While “unconventionals have been getting most of the press, Alaska has quietly become the best spot on the planet for onshore conventional oil,” he said. “Between our multi-billion barrel Pikka field and ConocoPhillips’ billion barrel Willow discovery, it’s an extremely exciting time to be in Alaska.”

Armstrong has often said the North Slope “is a fantastic petroleum system … arguably the best petroleum system in the entire world. And good things can happen to you when you’re in a system that good.”

A 50-50 deal with Oil Search

Most of the acreage in the 306,000-acre block was secured in two North Slope areawide state lease sales. The initial 195,200 acres consisting of 120 tracts was acquired by Armstrong under the name Lagniappe AK LLC in the November 2018 lease sale as part of an ongoing hunt for oil pools missed by previous explorers. (Lagniappe means “a little extra” in Cajun.)

The acreage was identified as being highly prospective for oil in a regional study conducted jointly by Armstrong and Oil Search in 2018.

More recently, Oil Search was top bidder on 39 leases covering approximately 80,000 acres in the December 2019 state sale.

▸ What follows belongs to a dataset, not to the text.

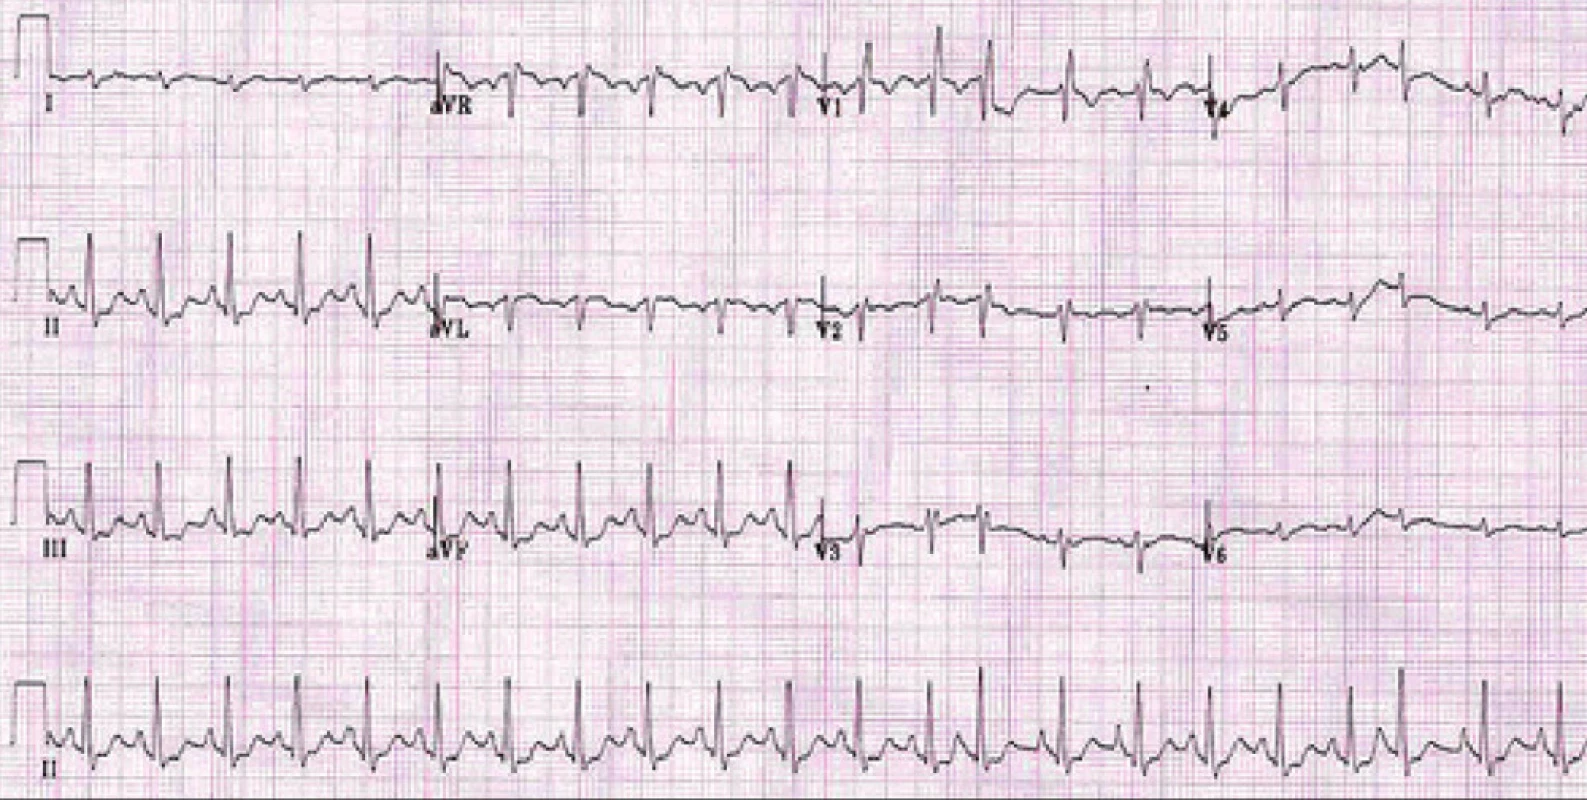 EKG u nemocného s CHOPN:
P pulmonale, blok pravého Tawarova raménka, hypertrofie pravé komory a ojedinělá supraventrikulární extrasystola.

All the tracts in the 306,000-acre eastern North Slope block are today 50% owned and operated by Oil Search and 50% held by Armstrong in accordance with the companies’ area of mutual interest agreement, or AMI.

Long-term working relationship

In a mid-2019 interview Oil Search said that the two companies would continue to work together in reviewing opportunities on the North Slope, leveraging Armstrong’s technical capabilities and experience in the identification of additional potential growth opportunities in Alaska, particularly in Brookian sequence, the youngest of the region’s major petroleum bearing rock sequences.

“We’re trying to continue to make the play that we discovered to the west, the Nanushuk at Pikka,” Bill Armstrong told Petroleum News Jan. 30, 2019, about the Lagniappe leases, although not naming the analogous, lookalike formation.

“The amount of running room this concept has is just massive in Alaska … going east from Pikka we … see the same thing. We’re really excited. It’s still a wildcat play. It still has risk, but it has huge potential,” he said.

In addition to the Nanushuk lookalike, Armstrong saw “a whole other idea that has never been chased that we like but is nothing like the Nanushuk. Yet, it too is exciting and wild and wide open,” he said in the interview a year ago.

“There are so many zones, so many objectives out there on the North Slope that could work. You chase one thing and find another. So many discoveries have been found by accident.”

For example, “we were pursing the Alpine and Kuparuk at Pikka and the Nanushuk was just a secondary objective, yet it was the one that worked the best - although the Kuparuk and Alpine worked too,” Armstrong said.

Although the oil was stacked in several reservoirs, Pikka estimates were billed at the time as rivals to legendary North Slope giants. “The proven contingent oil reserve number makes the discovery the largest since the Alpine field, the probable contingent reserve number the largest since the Kuparuk field, and the possible contingent number makes the discovery the largest since Prudhoe,” then-Alaska Department of Natural Resources Commissioner Mark Myers said in February 2016.

After acquiring the first eastern North Slope leases Armstrong said of Pikka, “It’s hard to believe that in this day and age … a play like Nanushuk could lie essentially unexplored: onshore, shallow oil … with massive room to run and in, of all places, the United States. Who would have guessed?”